A Long Island man who served decades in prison for a murder he did not commit was exonerated on Wednesday.

A room full of people fell completely silent after Suffolk County District Attorney Timothy Sini apologized to Keith Bush, 62, who walked into the courthouse a convicted felon but left a free man.

"On behalf of the Suffolk County District Attorney's office and law enforcement community, I'm sorry," Sini said.

Bush served 32 years in prison for the murder and attempted sexual abuse of Sherese Watson. He was paroled in 2007 and later served another year on a parole violation. He has always maintained his innocence.

"Forty-four years is more than a lifetime of suffering, and I know that it cannot be brought back," Bush said. "But there are opportunities to learn and to grow."

On Jan. 10, 1975, Bush, then 17, and Watson were both at a house party in Bellport. Watson never returned home following the party and her remains were discovered two days later in an empty lot near the house. She was determined to have been a victim of attempted rape, physical assault, and murder by strangulation.

A few days later, Suffolk County Police homicide detectives arrested Bush and charged him with Watson's murder. Bush maintained his innocence and claimed that detectives beat him and coerced him into signing a confession.

A jury convicted him of murder. A judge sentenced him to 20 years to life in prison.

After Bush's release on parole in 2007, he had to register as a Level-3 sex offender. He went back behind bars for a year for a parole violation: using a computer with internet access, which he used to write his biography.

In 2018, Bush petitioned the Suffolk County District Attorney's Office's Conviction Integrity Bureau for review of his conviction. 

A review of the case file uncovered never-before-disclosed evidence of an alternative suspect in Watson's murder. The existence of an alternative suspect, a man named John Jones, was never disclosed before Bush's trial.

"The Suffolk County District Attorney's office and the police department disclosed to Keith Bush the Jones material, and it includes a signed statement by John Jones," Sini said.

Police covered up the fact that they had even questioned Jones, Sini said. He said the statement Jones gave to police doesn't check out.

Among the evidence presented at Bush's trial was the testimony of a 15-year-old girl who said she had also attended the house party and had seen Watson leave with Bush. The girl recanted her testimony at a hearing in November 1980, admitting she had never been at the party and had lied at his trial.

At that time, Suffolk County officials dismissed the recantation. The witness has maintained since 1980 that her testimony was fictitious.

Bush's confession has been proven forensically impossible by a medical review of how the murder occurred. Sini said that the weapon allegedly used in the victim's assault didn't match her puncture wounds.

The confession was elicited by a former police detective who, when interviewed about the case in 2019, alluded to using coercive tactics. Forensic evidence has also debunked the former prosecutor's theory of how the crime was committed.

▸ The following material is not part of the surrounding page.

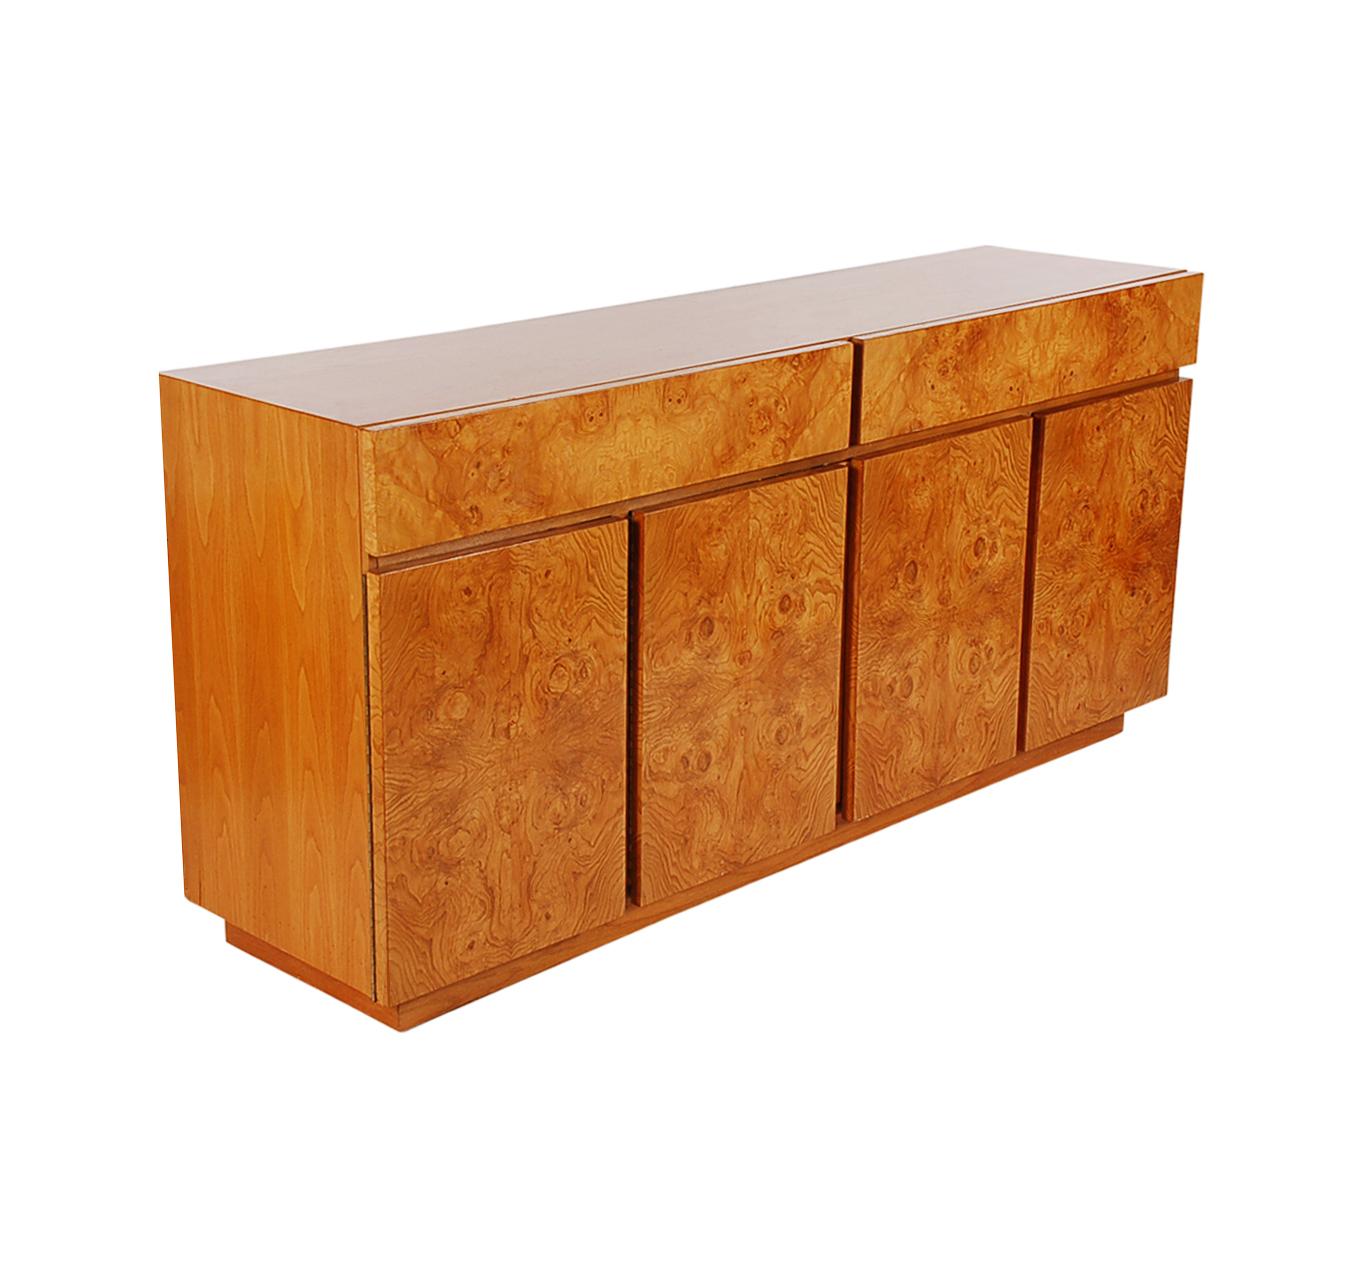 A beautiful 4-door credenza by Roland Carter for Lane Furniture. This piece features solid wood construction with bookmatched burl maple veneers.

Sini said he believes that Bush was ultimately coerced into making a false confession.

The District Attorney's Office reached out to Dennis Rafferty, the lead detective in this case, who asked a lawyer to speak on his behalf.

"There was something that drove me, that enabled me to continue to fight and to continue to believe that if you persist long enough, ultimately you can succeed," Bush said.

Bush's defense attorney, Adele Bernhard, said she will not be seeking any monetary damages just yet.